• _SUPPLIED DATA_:
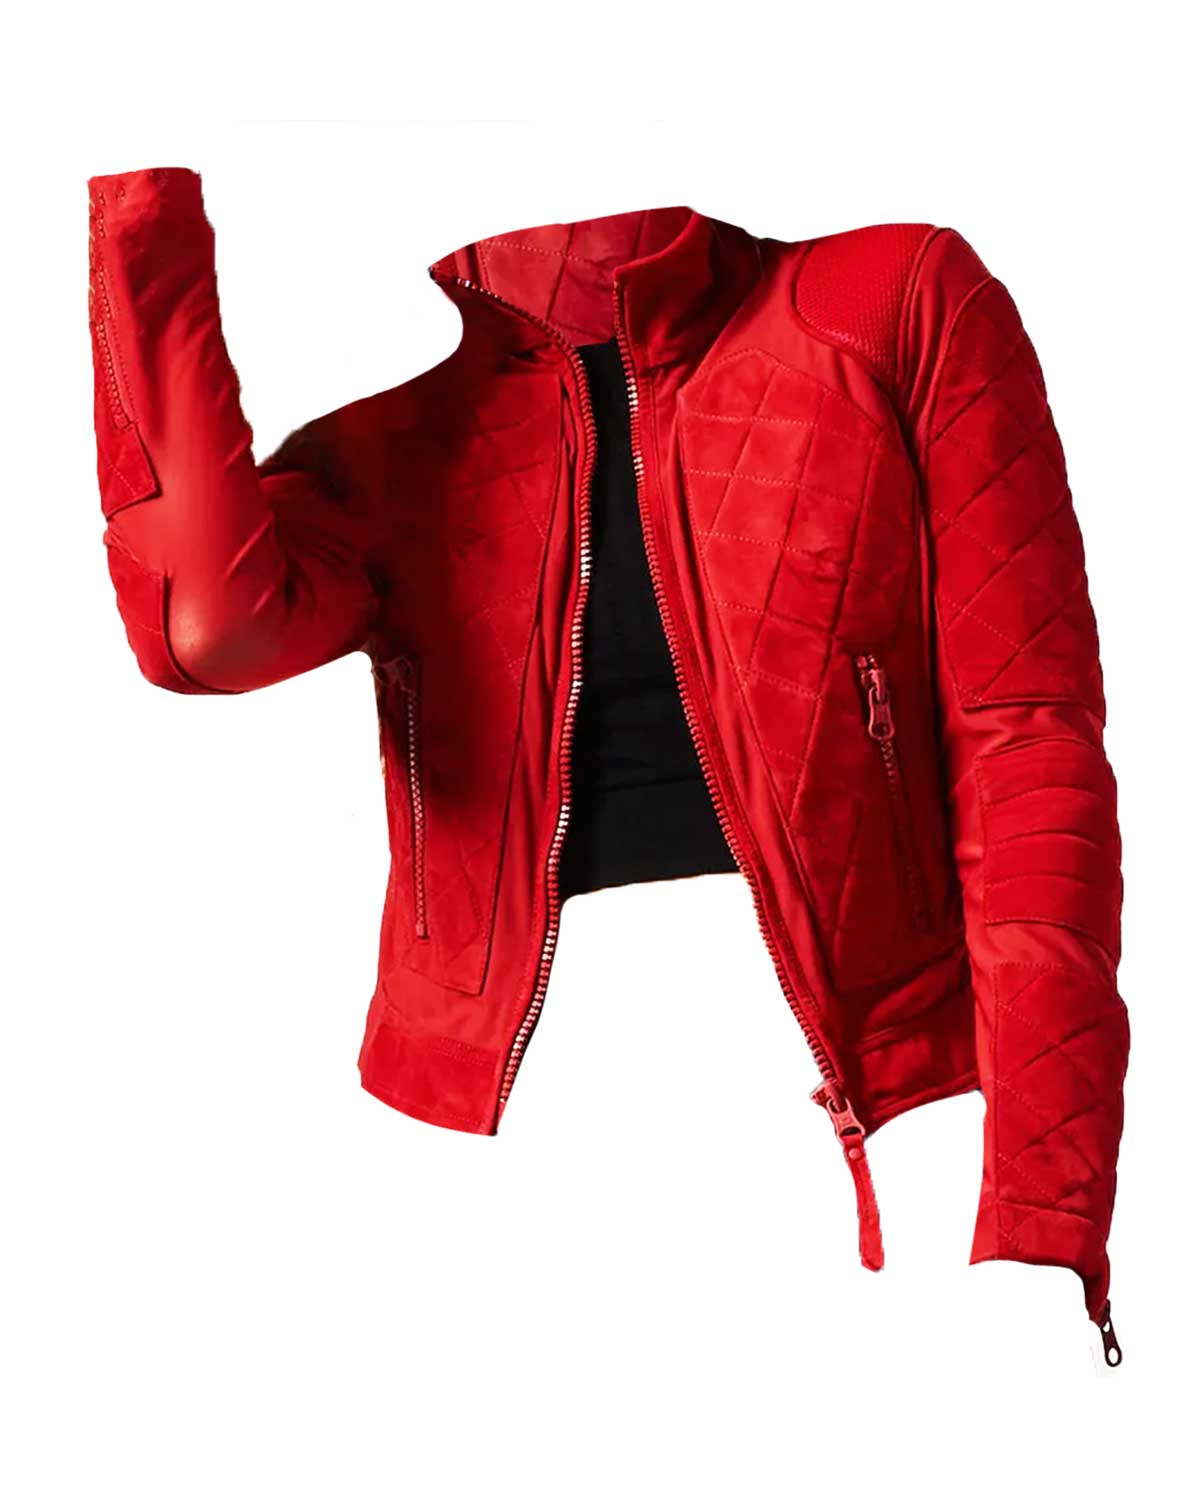 Bayley WWE Pamela Marinez Red Suede Jacket | Elite Jacket
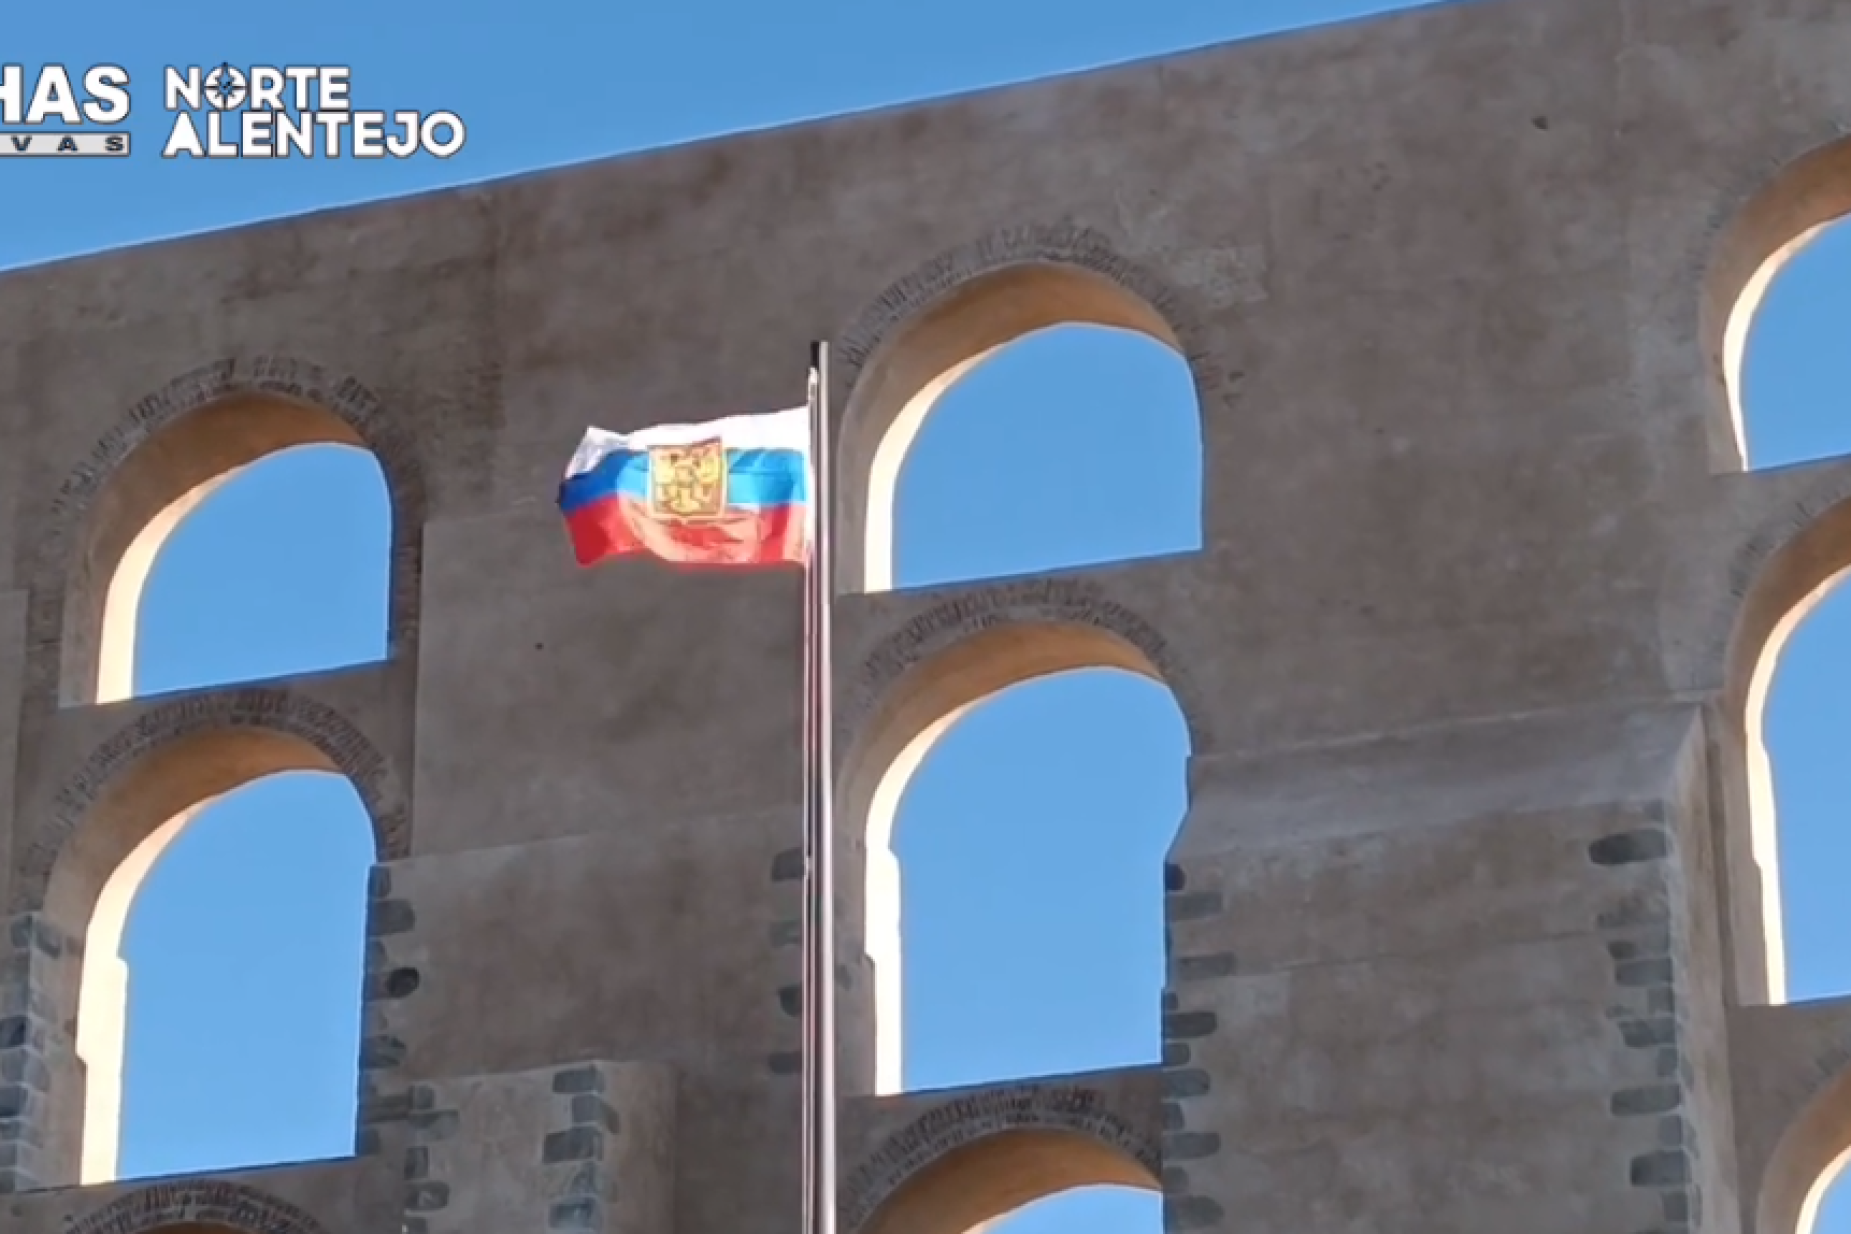 Bandeira Portuguesa foi trocada por Bandeira de Federação Russa em
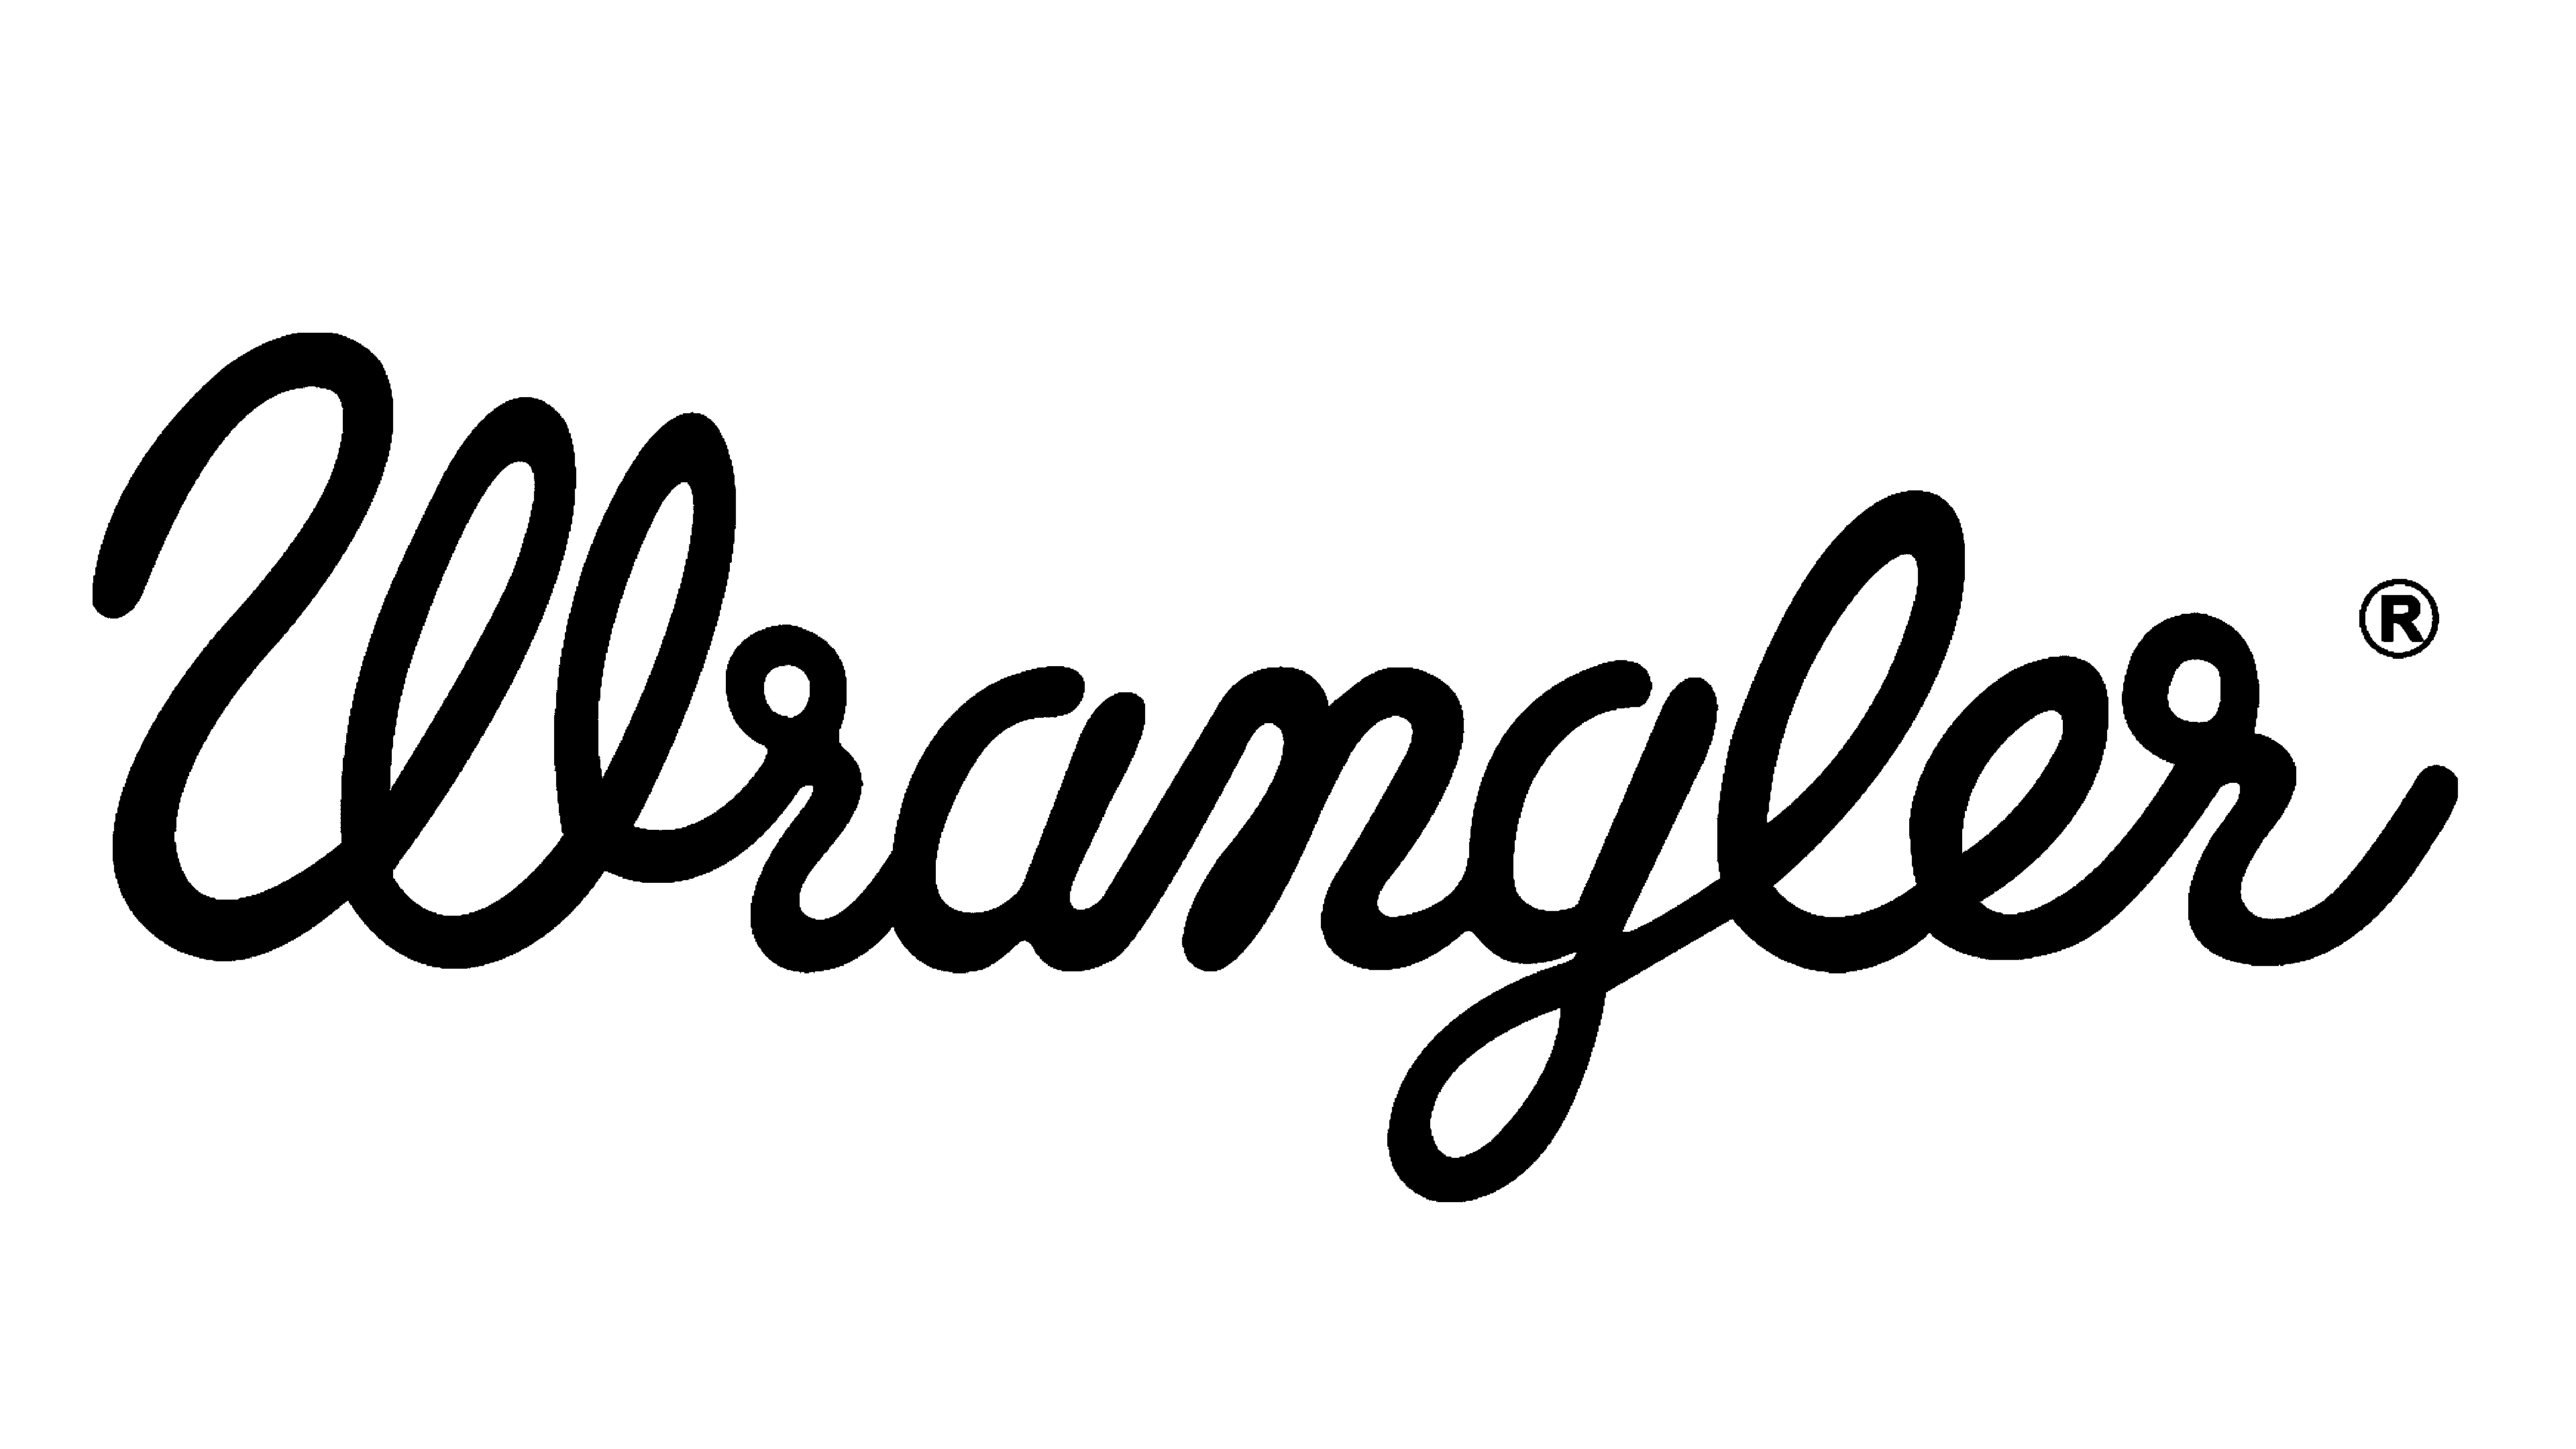 Vergemakkelijken park Parasiet Wrangler Logo and symbol, meaning, history, PNG, brand

• _ABOUT THIS EXERCISE_:
When you restate the listing above, give each line word for word but leave out every image.

• _EXERCISE RESPONSE_:
 Bayley WWE Pamela Marinez Red Suede Jacket | Elite Jacket
 Bandeira Portuguesa foi trocada por Bandeira de Federação Russa em
 Vergemakkelijken park Parasiet Wrangler Logo and symbol, meaning, history, PNG, brand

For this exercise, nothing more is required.